Continue reading, I have some simple tips videos in the next section. If you click through to YouTube, you’ll find even more how-to videos.

Proofreading


3 Simple steps to painless proofreading


Proofreading: catch more errors

One of the most powerful pieces of proofreading advice I’ve heard is that you should read your work backwards.

Reading backwards makes misspelled or even incorrect word choices jump off the page.

There are a variety of counterintuitive techniques that you can employ to clean up your work before pressing send.
writing-divider

In 👓You’re🖋️Your Underwear

Writing without revising is the literary equivalent of waltzing gaily out of the house in your underwear. ~Patricia Fuller

It really depends, doesn’t it?

Sometimes, you just want to go balls to the wall on social media.

Sometimes you’re so triggered that you just need to snap back.

That’s life, isn’t it?

Well, even then it helps to make your point if you’re not introducing odd misspellings, grammatical errors or logical fallacies.

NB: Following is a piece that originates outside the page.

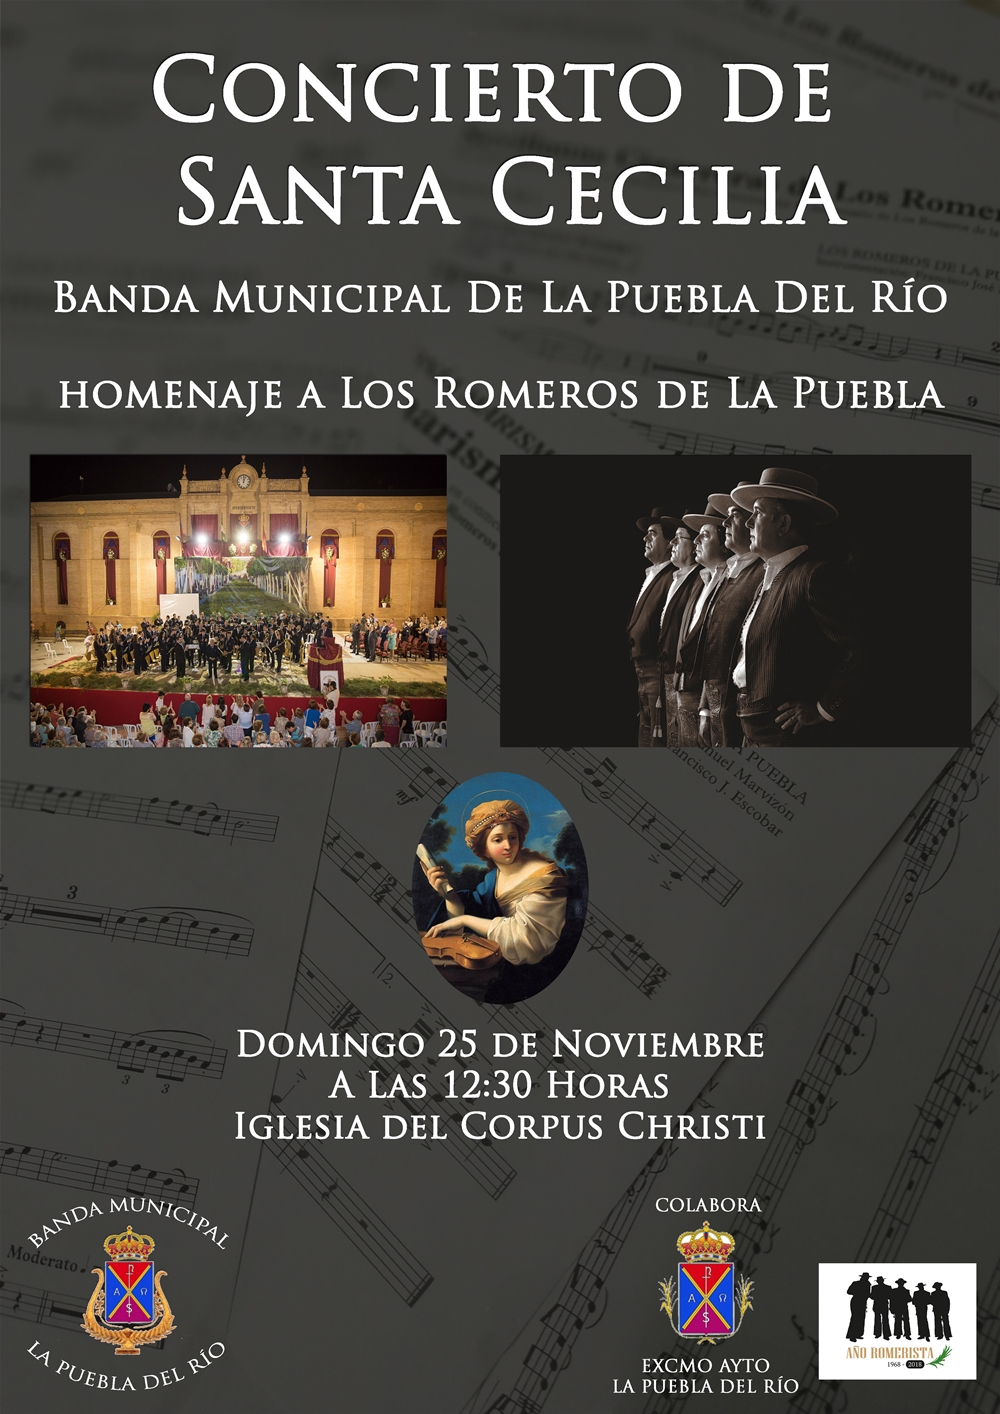 La Banda Municipal de La Puebla del Río homenajeará a Los Romeros de La Puebla  en su Concierto de Santa Cecilia

But whatcha gonna do? ¯\_(ツ)_/¯

As far as more substantial works, you should definitely take the time and effort to polish your work before publishing.

Another thing that “they” say is that you shouldn’t write creatively and edit at the same time.

Sorry, y’all, I can’t refrain from doing so. I’ve been writing software in one form or another for over three decades.

If you jump to a new line with errors present, your program simply won’t work.

I’ve gotten into the habit of simultaneously cranking out story while also scanning in real-time for misspellings, word choice, flow and overall consistency.

That’s not the norm. What’s recommended is that you put on your artsy-fartsy hat for writing, put the document on ice for some time and then come back with your editor hat on.

That seems insanely inefficient to me. I don’t know that I could pull that off.

Even when I’m totally in the zone and am one with the story, I’m still scrutinizing the story as it flows from my keystrokes.

That’s my process. If you can do the hat swapping thing and that works for you, great. It’s not for me.

But, as Mark Twain observed (above), self-editing only gets you so far.

You become blind to simple things because you knew what you wanted to say.

Your mind tends to project that over what you’re actually seeing on the page.

This is where it’s good to have an independent editor, proofreader and other specialists to analyze your work empirically.

Fortunately, I have ProWritingAid and AutoCrit to do this for me. I love the lifetime membership options for SaaS programs of this kind.

What I paid to get perpetual access to these tools is a drop in the bucket to hiring people to receive these services.

Naturally, the people still do a better and more thorough job, but they also cost that much more because of it.

If you want to publish a book, you either need a fat wallet or someone else who does.

If you have neither, you’d better be prepared to put in the work to do it all yourself.


That’s all for today. See you on Wednesday for a topic related to cookies 👧🏻, but not exclusively so.